In 1960 en 1961 werden 68 wagens als bijwagen geleverd met de nummers 1633-1700 om als versterking onbemand dienst te doen achter een enkel of dubbelgelede wagen. De laatste bijwagens in de reguliere dienst reden in 2011.
Tussen 1956 en 1961 werden in totaal 96 enkelgelede wagens aangeschaft: 2301-2320, 2401-2440, 2501-2520, 2551 en 2601-2615.[2]2 310 en 2551 werden in 1966 en 1969 dubbelgeleed, in 1974 2601-2615 en daarbij vernummerd in 2751-2765, in 1976 2421–2430, 2434–2440 en in 1995 2304.
In 1966 werden speciaal voor de lijn naar Krefeld de tweerichtingwagens 1265–1269 aangeschaft. Na de overgang naar het stadsnet door de instroom van nieuw materieel voor lijn K vernummerd in 2265–2269 en deden dienst tot 1993.

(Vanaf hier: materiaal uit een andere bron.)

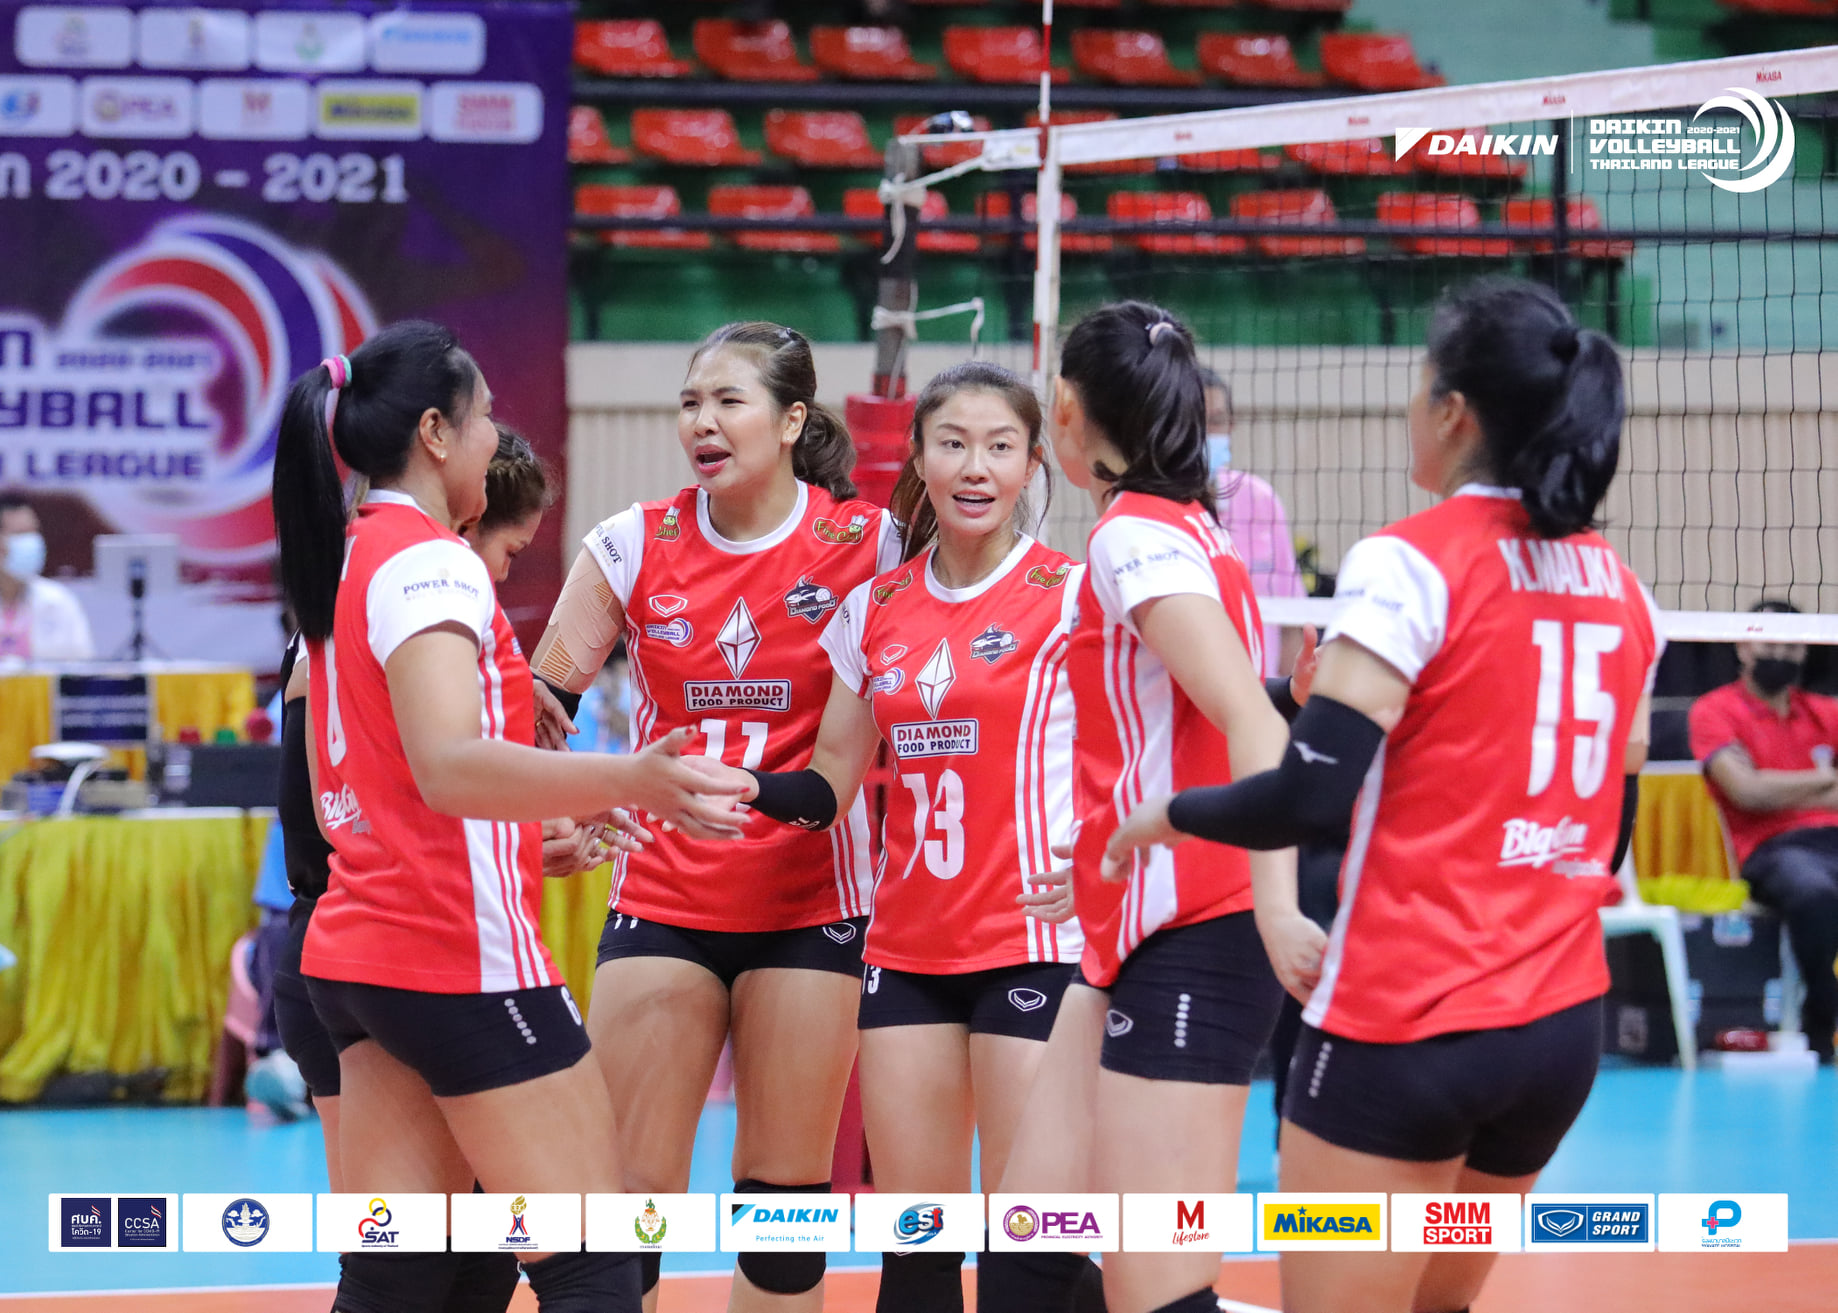 DIAMOND FOOD, NAKHON RATCHASIMA KEEP TITLE CHALLENGES ON COURSE IN THAILAND LEAGUE

In 1968 en 1969 werden in totaal 47 dubbelgelede Düwagtrams aangeschaft: 2352–2358, 2452–2458, 2552–2559, 2497–2499 en 2651–2673. De 2497-2499 waren voorzien van een restauratieafdeling. Uiteindelijk waren er 81 éénrichting dubbelgelede wagens aanwezig. De laatste wagens in de reguliere dienst reden in 2011 maar door materieelgebrek keerde in 2012 een aantal exemplaren nog even terug in de dienst.
In 1971 werden van het opgeheven trambedrijf van Neuss de enkelgelede 41-43 overgenomen en vernummerd in 2621-2623.